On one hand, Tkachuk said it’s a long-standing rule that all senators must be given the right to see any report, through tabling in the Senate, before it’s released publicly. To do otherwise is “disrespectful of senators.”

“We have to follow due process. I know all the media’s very excited but, you know, I don’t exist to supply stories for the media,” he said.

That said, given the media and public interest, Tkachuk acknowledged there’s a good chance details of the Wallin report will inevitably leak out if the committee tries to sit on it for a couple of months until the Senate resumes business.

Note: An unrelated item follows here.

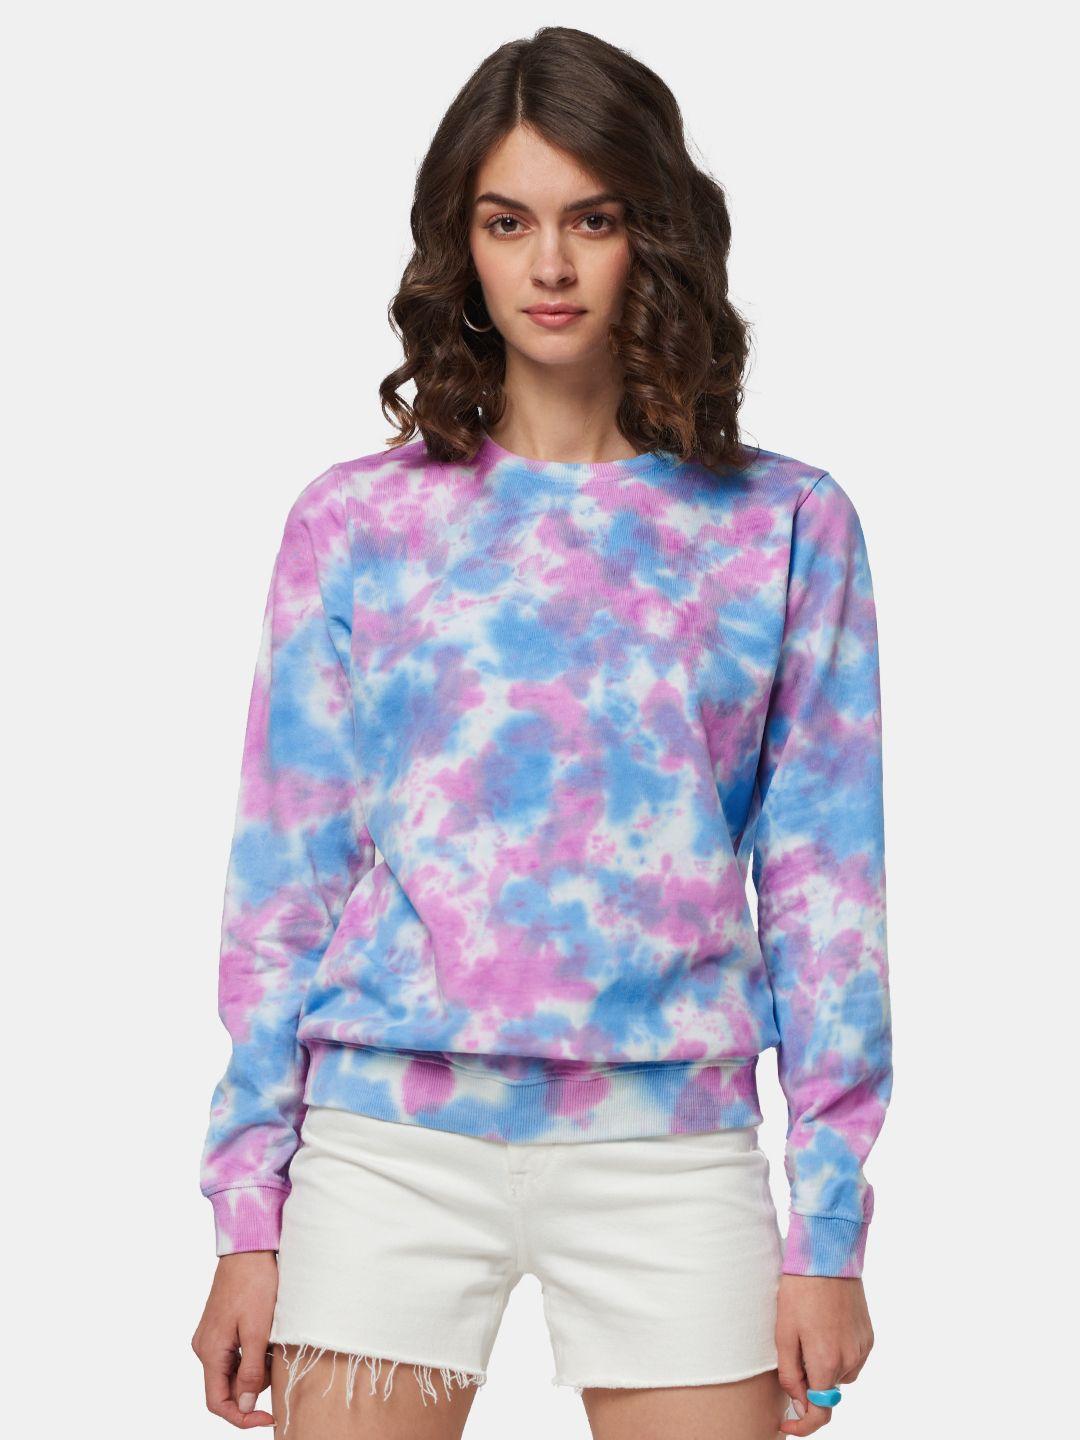 the souled store women multicoloured tie & dye printed sweatshirt

“It’s not fair to the person who’s being audited because it’s being leaked out, it’s not being tabled in the Senate where there’s opportunity for debate and discussion,” he said.

Leaks of partial details can be distorted and, thus, particularly unfair, he added.

Bits and pieces of Wallin’s file have already been leaked, including the fact she has already reimbursed the Senate for $38,000 in improperly claimed travel expenses. Tkachuk said reports that she’s been asked to repay another $20,000 are “false.”

He also dismissed as false suggestions that Deloitte is digging deeper into Duffy’s expenses.

“There’s a lot of things being said everywhere, many of them not true.”

On Thursday, Liberal Sen. Percy Downe told the Senate that, by his calculation, the chamber has spent $240,000 so far to audit the expenses of Wallin, Duffy, Brazeau and Harb. The final bill will be higher, Downe maintained, because Deloitte is continuing to scrutinize the expenses of Wallin and Duffy.

However, Tkachuk said Deloitte has not been asked to revisit Duffy’s expenses.

After initially administering a gentle slap on the wrist to Duffy, who claimed to have repaid all his housing and living expenses, the internal economy committee last week asked the RCMP to investigate the matter.

The move followed news that Prime Minister Stephen Harper’s chief of staff, Nigel Wright, had personally footed the $90,000 bill for Duffy to repay his invalid expense claims. Wright resigned five days later.